Low budget, drug fueled, closer in style to recent European efforts than Hollywood fare,  “Easy Rider” befuddled the studio heads, many of whom had been in place for many years and thought they knew what worked.

This movie, generating this level of success, did not compute. Hollywood executives understood pictures like “Hello, Dolly,” “Airport,” “Cactus Flower,” “Patton” — all released within six months of “Easy Rider”– which grossed well on heftier budgets. This came from a different world.

The studios reacted by trying to imitate the formula even if they didn’t understand it. Suddenly all the studios were approving films with young directors, usually with stories related to rebellious, drug-using, sexually-active young people. And most flopped, miserably. The formula was nearly impossible to duplicate.

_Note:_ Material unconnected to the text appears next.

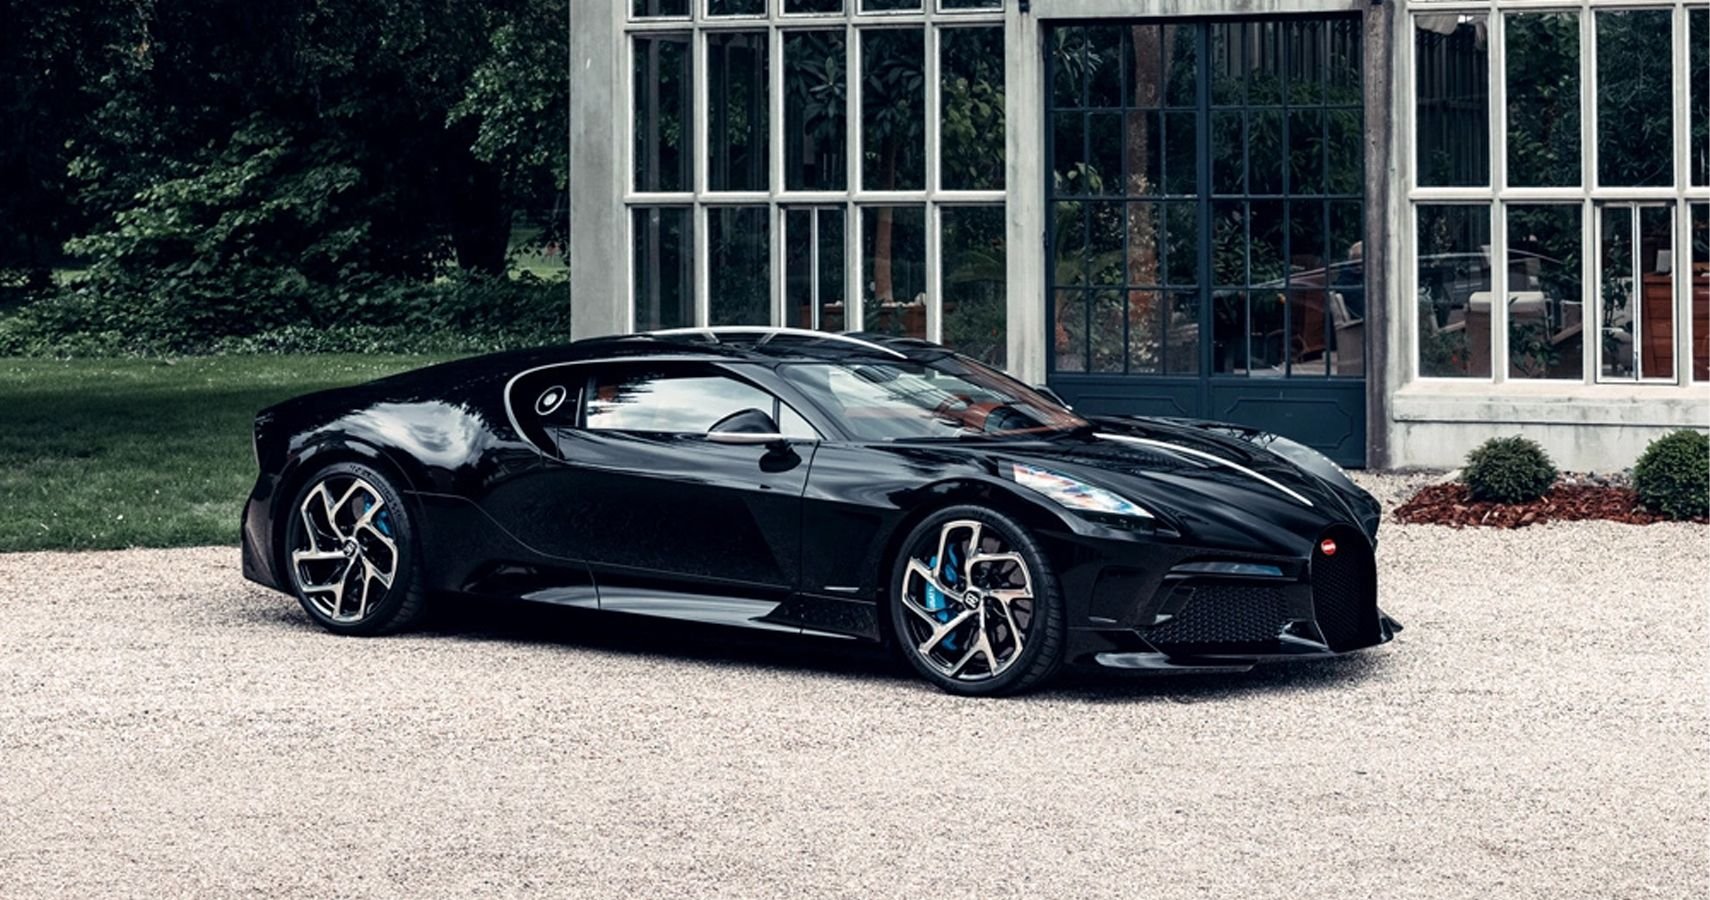 Take A Look At The $18.7 Million Bugatti La Voiture Noire

Schneider’s BBS Productions did show some success during the 70s. Bob Rafelson made “Five Easy Pieces,” with Nicholson in the lead, which scored both critical raves, awards and good grosses. The following year, “The Last Picture Show” did even better. But other films like Columbia’s “Drive, He Said,” “The King of Marvin Gardens,” and “A Safe Place” all flopped. Hopper went on to make five more conventional films, with pro-cop movie “Colors” something of a hit.

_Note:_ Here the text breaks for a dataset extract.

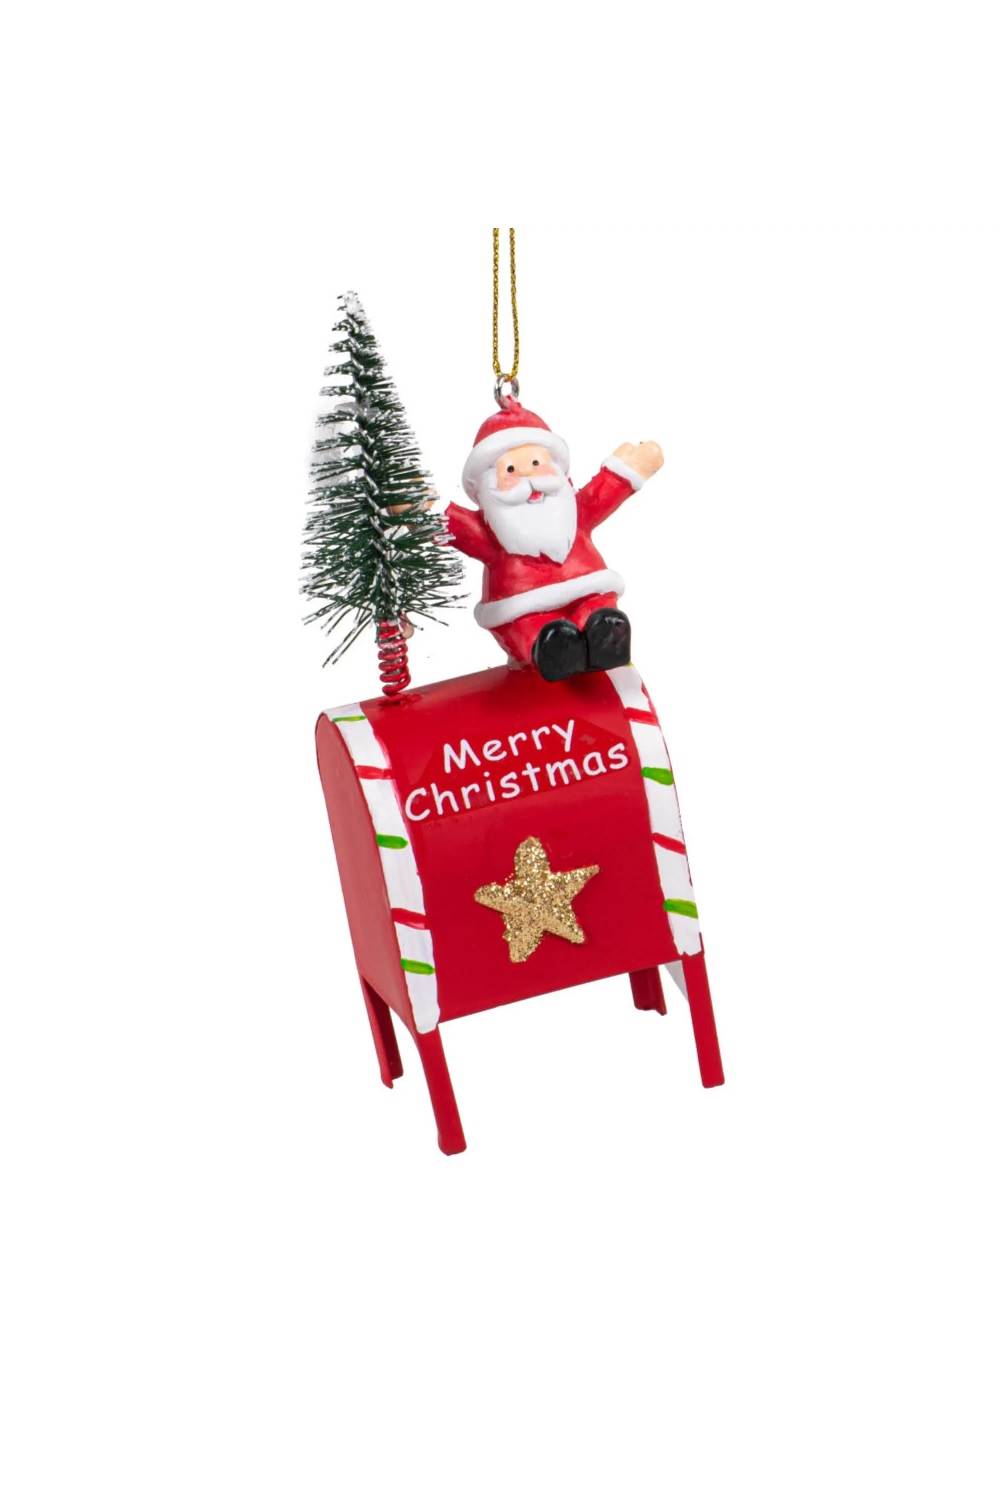 15 adornos de Navidad ideales para decorar tu árbol y llenarlo de magia

Universal, the most conservative, reactionary, and creatively stilted studio, with its feet firmly planted television, had no idea how to respond to “Easy Rider.” Lew Wasserman gave young music label executive Ned Tanen carte blanche to find young directors and give them limited budgets. Among them were Dennis Hopper and Peter Fonda. The former went to South America and made “The Last Movie,” a legendary fiasco. The more disciplined Fonda directed “The Hired Hand,” a quiet Western, which also met with near total disinterest. Tanen went on to greenlight George Lucas’s second feature “American Graffiti,” which thanks to producer Francis Ford Coppola, was released with the support it needed and ended up grossing (an adjusted) $600 million.

A star is born

The biggest long-term beneficiary from “Easy Rider”? Jack Nicholson. This journeyman Roger Corman grad and sometime screenwriter was cast in the role of an ACLU lawyer who helps the two lead characters as they get into trouble after Hopper pulled a knife on Rip Torn. Nicholson garnered universal praise for his role, multiple awards, an Oscar nomination (the other for the film was screenplay), and an immediate boost to leading man. After a few uneven years (high points were “Carnal Knowledge” and “Five Easy Pieces”) he finally established himself as a big draw in “The Last Detail” and “Chinatown.”

And…rock soundtracks

A key part of the film’s success was the decision to spend perhaps triple its original budget on current hit songs on the soundtrack. Using otherwise unconnected songs on a score had been a big part of the success with “The Graduate” (mostly Simon and Garfunkel). Here, current songs matched to footage during the editing played so well that initial plans to have Crosby, Stills, Nash and Young compose the score were ditched.

The songs, including top numbers from Jimi Hendrix, Steppenwolf, the Byrds, the Band, and others as much as anything defined the film’s image. The unrelated hit single soundtrack was widely imitated, and is still commonplace. This, along with Nicholson’s career, could be the film’s biggest legacy.